* _What is required_:
Please copy each line of the listing below precisely, excluding the images.

* _Source data_:
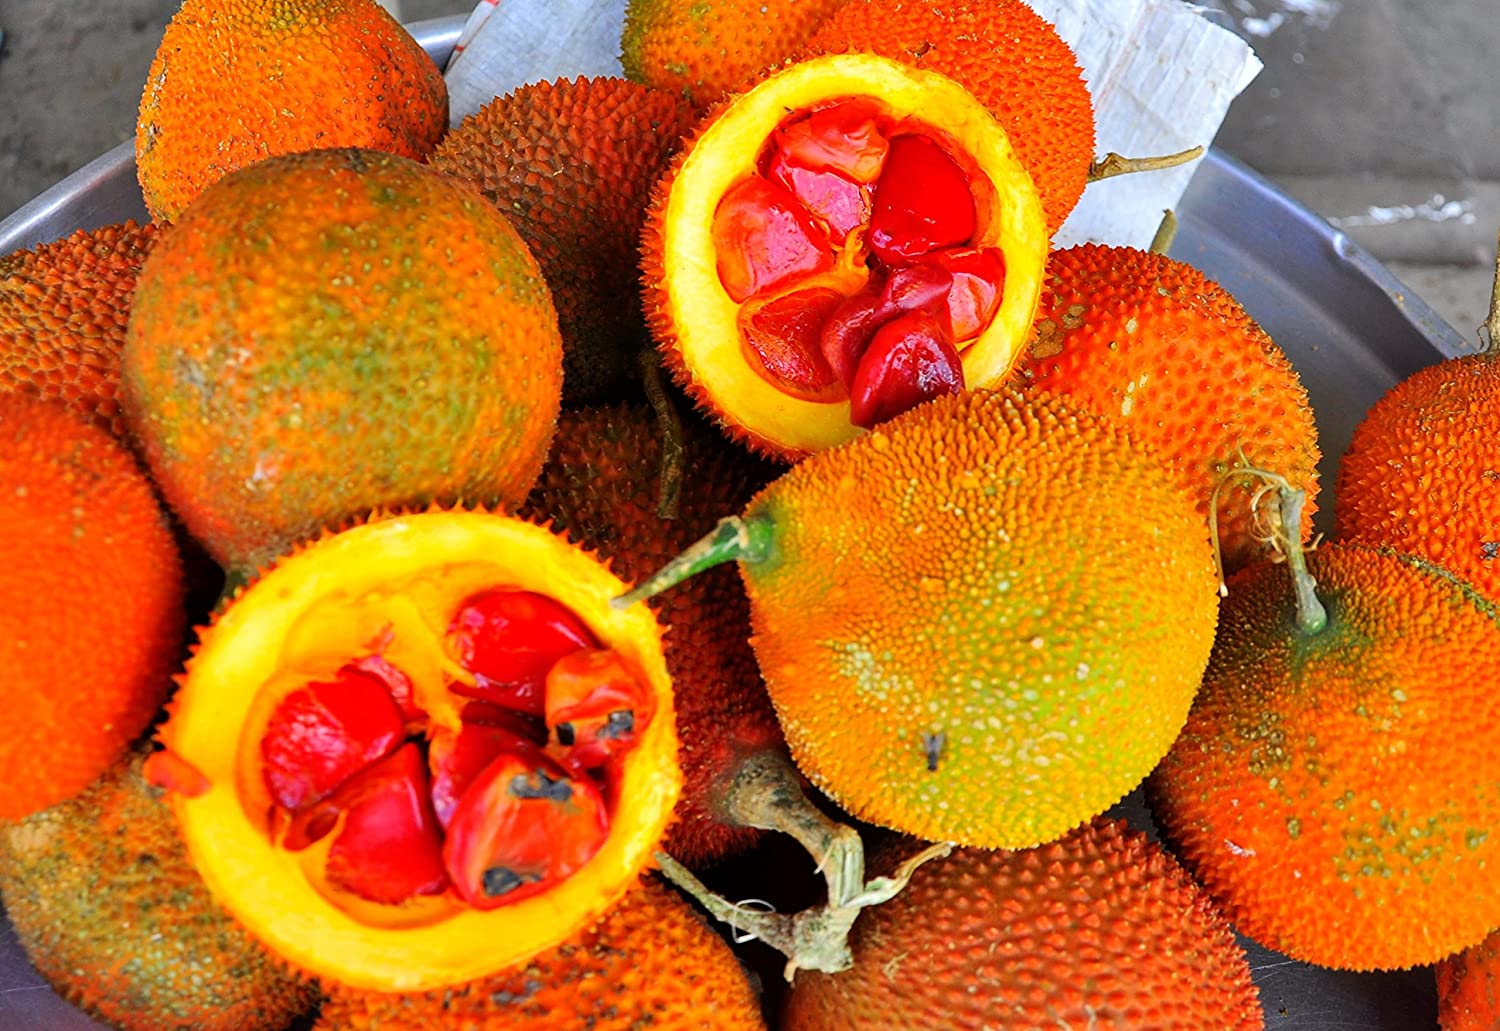 Момордика фрукт Вьетнам
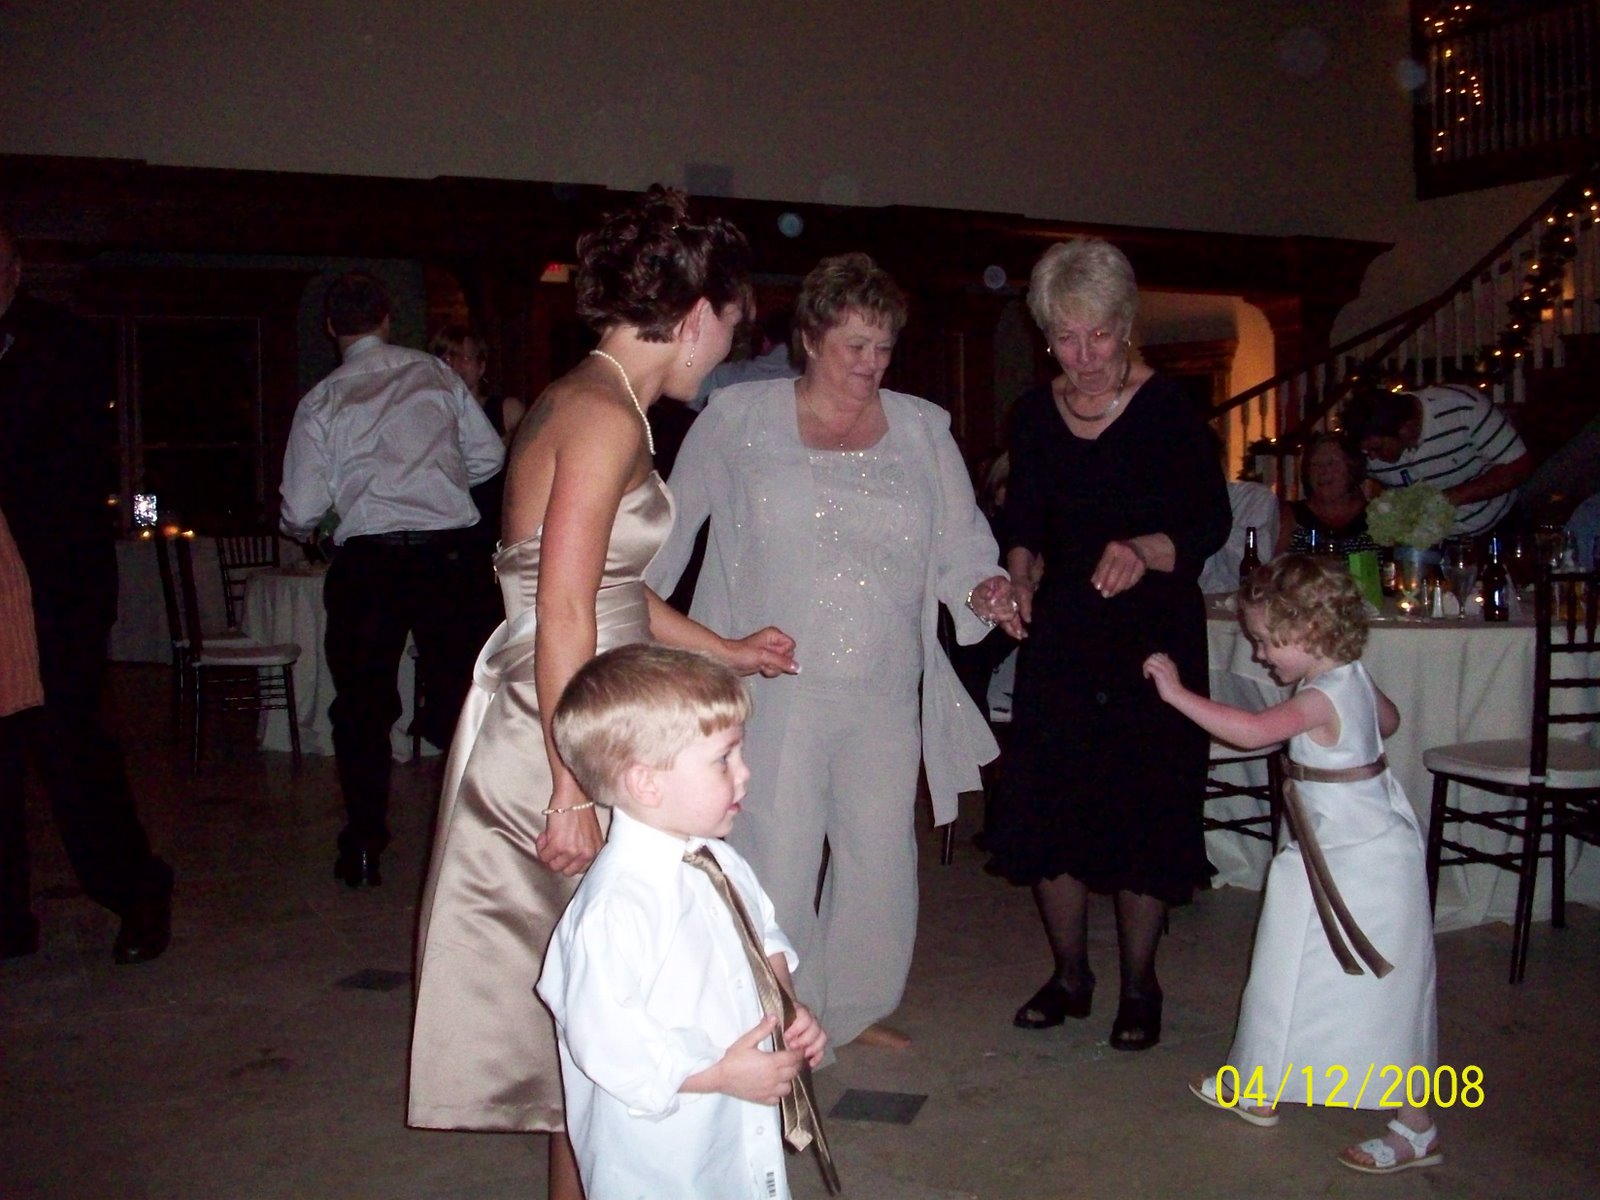 [Chrispin+and+Amy's+Wedding+April+2008+053.jpg]
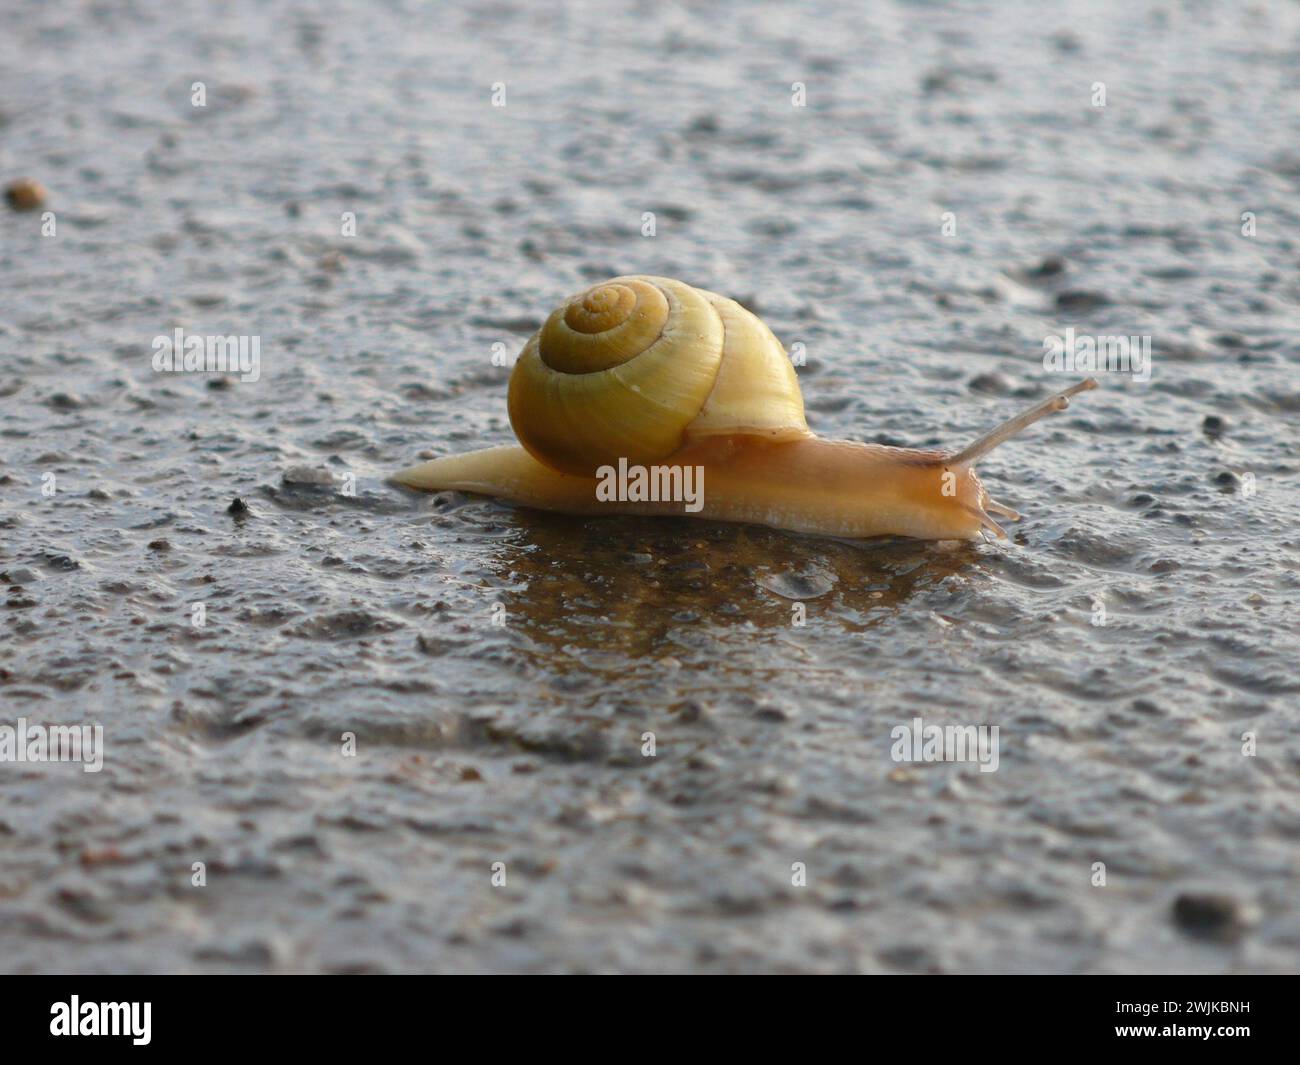 Un escargot déterminé fait lentement son chemin à travers le trottoir, s'efforçant de naviguer en toute sécurité sur la route Banque D'Images

* _Answer_:
 Момордика фрукт Вьетнам
 [Chrispin+and+Amy's+Wedding+April+2008+053.jpg]
 Un escargot déterminé fait lentement son chemin à travers le trottoir, s'efforçant de naviguer en toute sécurité sur la route Banque D'Images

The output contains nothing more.